SINGAPORE, 9 January 2023 – Osler Health International is delighted to announce the ongoing support of foreign domestic workers through its pioneering ‘Osler Giving Back’ programme. Osler Health International is a primary care family GP clinic opened by Singaporean doctors in 2020.

Putting ethics at the heart of its healthcare business, Osler Health provides pro bono cervical cancer screening (PAP) tests to the domestic helpers of their patients. PAP tests are the best way to protect women from cervical cancer.

Also known as a ‘silent killer’, cervical cancer often produces no signs or symptoms in its early stages. It is the second most common cancer in women, and is one of the most frequently diagnosed cancers in women between age 35 and 44. Regular PAP tests are fundamental to early detection and treatment.

Cervical cancer numbers have been on the decline across countries across Europe and in the United States, but remain high in less developed countries. The reason is simple: women from less developed countries typically have limited information about cervical cancer screenings and, more importantly, less financial access to regular PAP testing. Whilst domestic workers receive mandatory health check-ups every six months, PAP tests are not a requirement.

The doctors at Osler Health aim to bridge that gap by offering free PAP test clinics to their patients’ domestic workers. They run approximately 4 clinics each year, testing and protecting multiple women. Osler Health covers all the expenses including clinic costs, laboratory costs and the doctor’s time.
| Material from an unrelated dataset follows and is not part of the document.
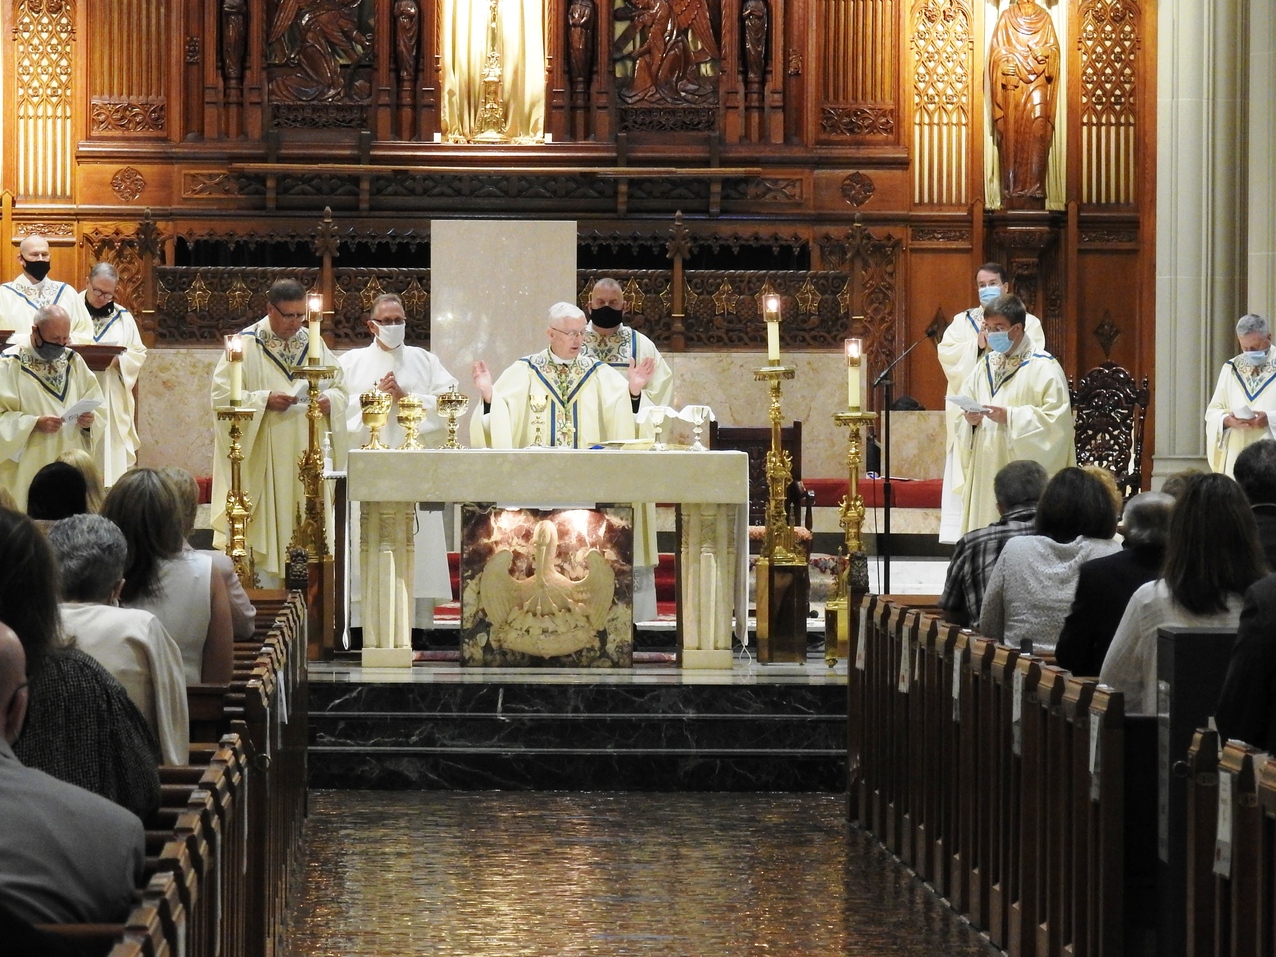 Three new permanent deacons begin their ministry of service

It is free of charge to the foreign domestic workers and their employers.

Dr Foong Tsin Uin, co-founder of Osler Health International says, “Part of our ethical approach to medical care means we care for everyone. Many domestic workers are not knowledgeable about cervical cancer and often their age demographic puts them in a higher risk bracket. As a family clinic, we recognise that many domestic workers are part of the family they work for, and it only seems right that we do what we can to support their health needs too.”